*INSTRUCTIONS TO FOLLOW:* Beneath this line are entries. Copy the range from the line with "Colorful Nursery Bookshelf Decor and Styling" to the line with "Main Image - Havaianas 'Top' Sandal (Women)", ends included, exactly; leave pictures out.

*MATERIAL SHOWN:*
════════════════════
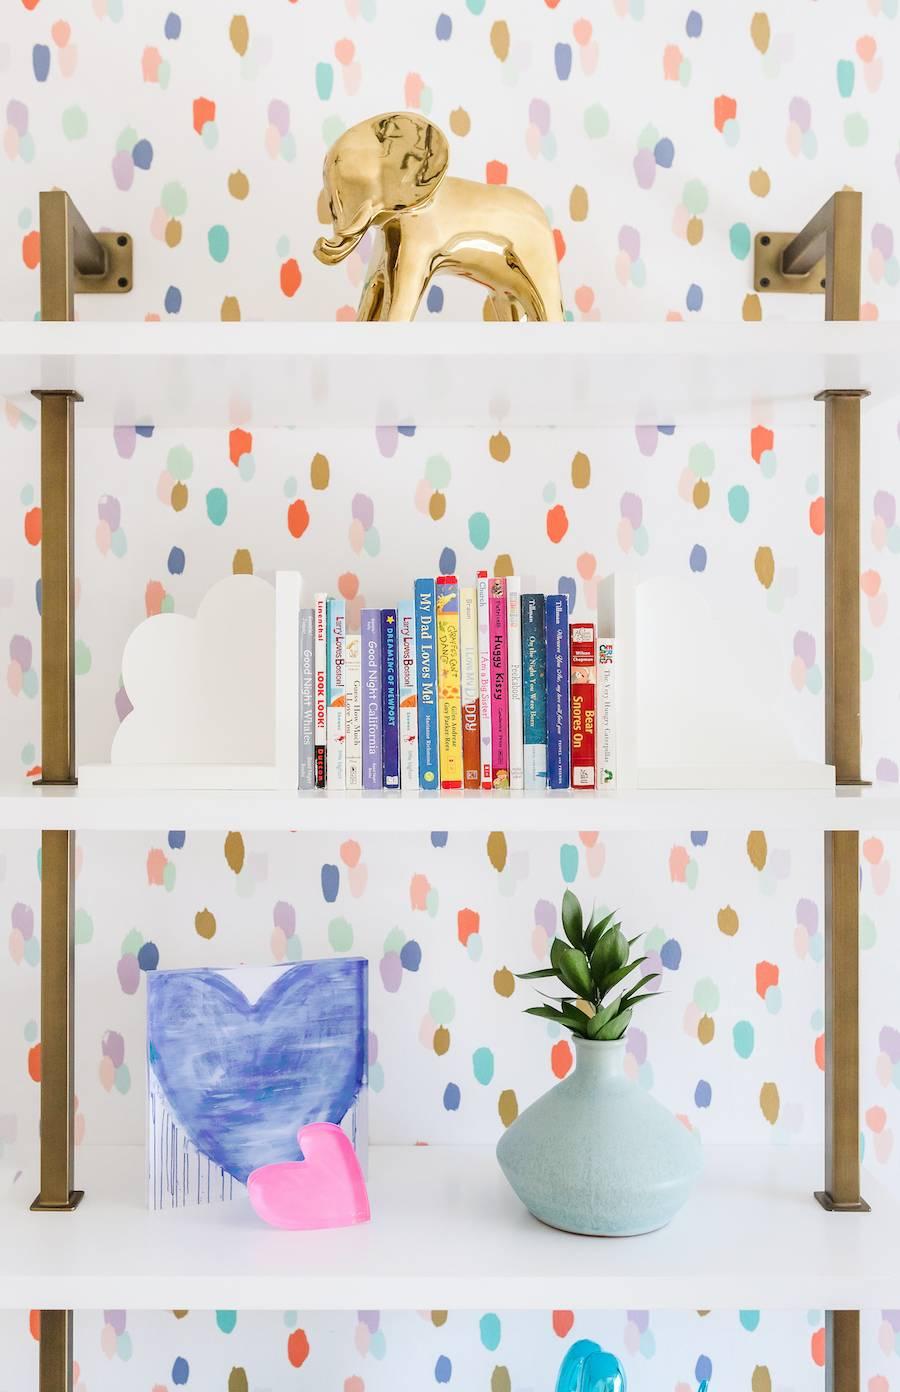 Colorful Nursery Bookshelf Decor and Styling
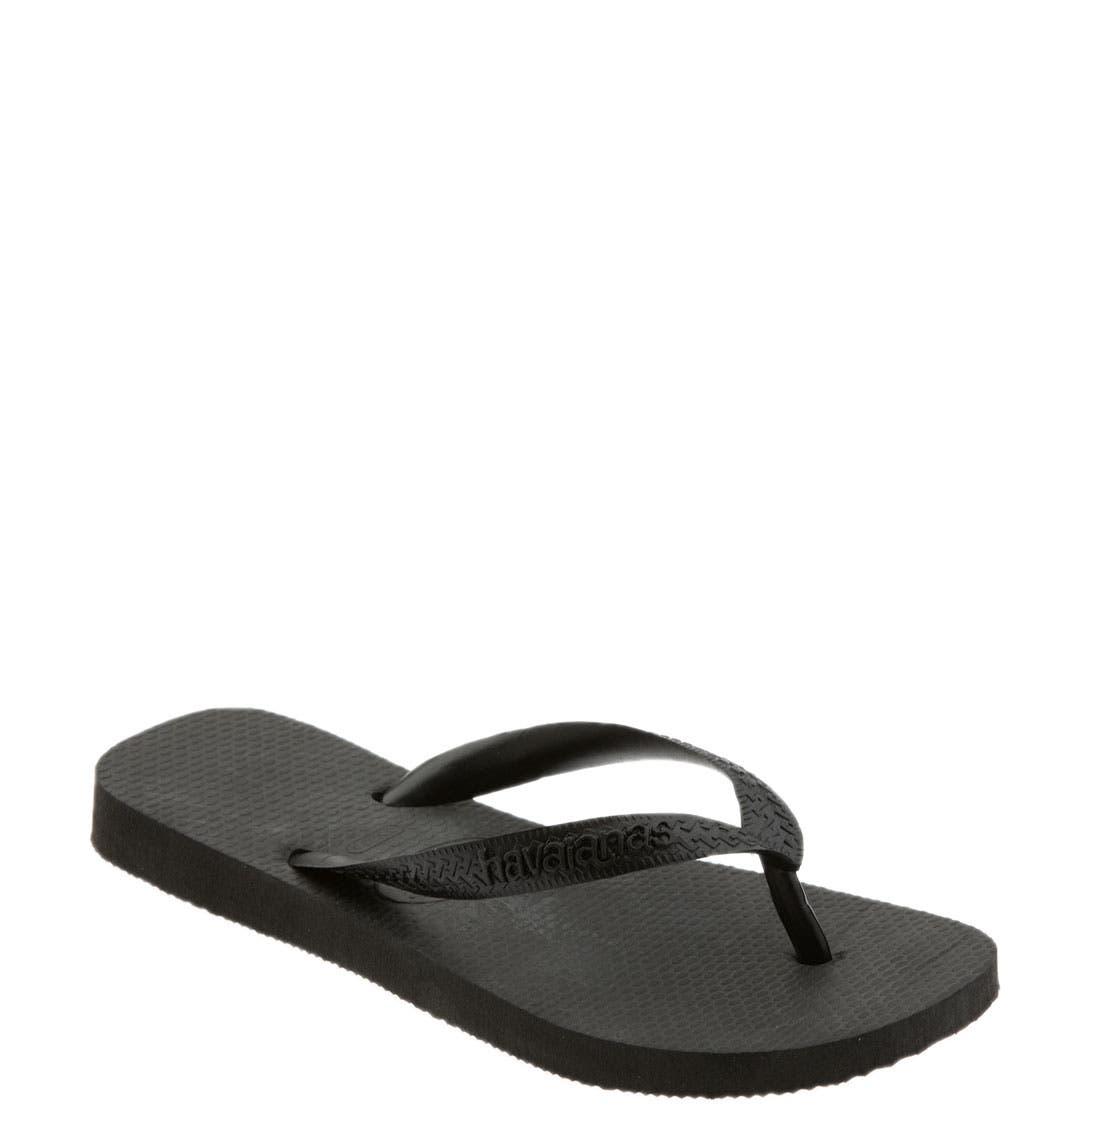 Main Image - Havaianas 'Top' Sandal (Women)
════════════════════
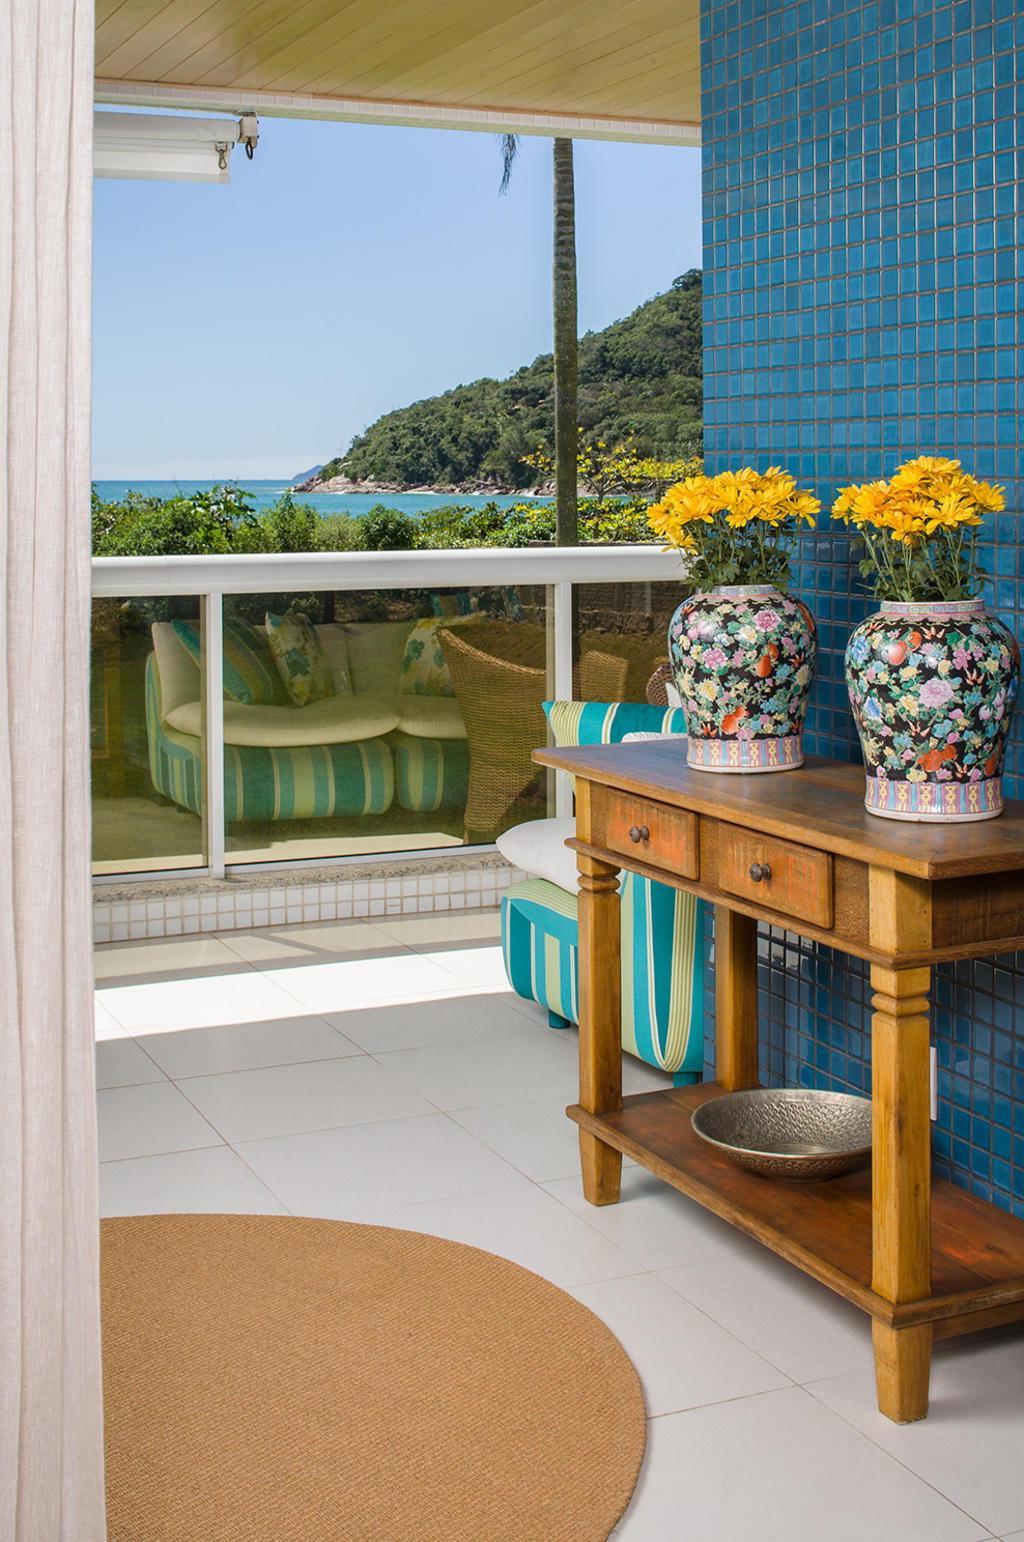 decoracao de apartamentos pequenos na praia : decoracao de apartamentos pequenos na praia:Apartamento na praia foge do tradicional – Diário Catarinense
════════════════════
*TASK SOLUTION:*
 Colorful Nursery Bookshelf Decor and Styling
 Main Image - Havaianas 'Top' Sandal (Women)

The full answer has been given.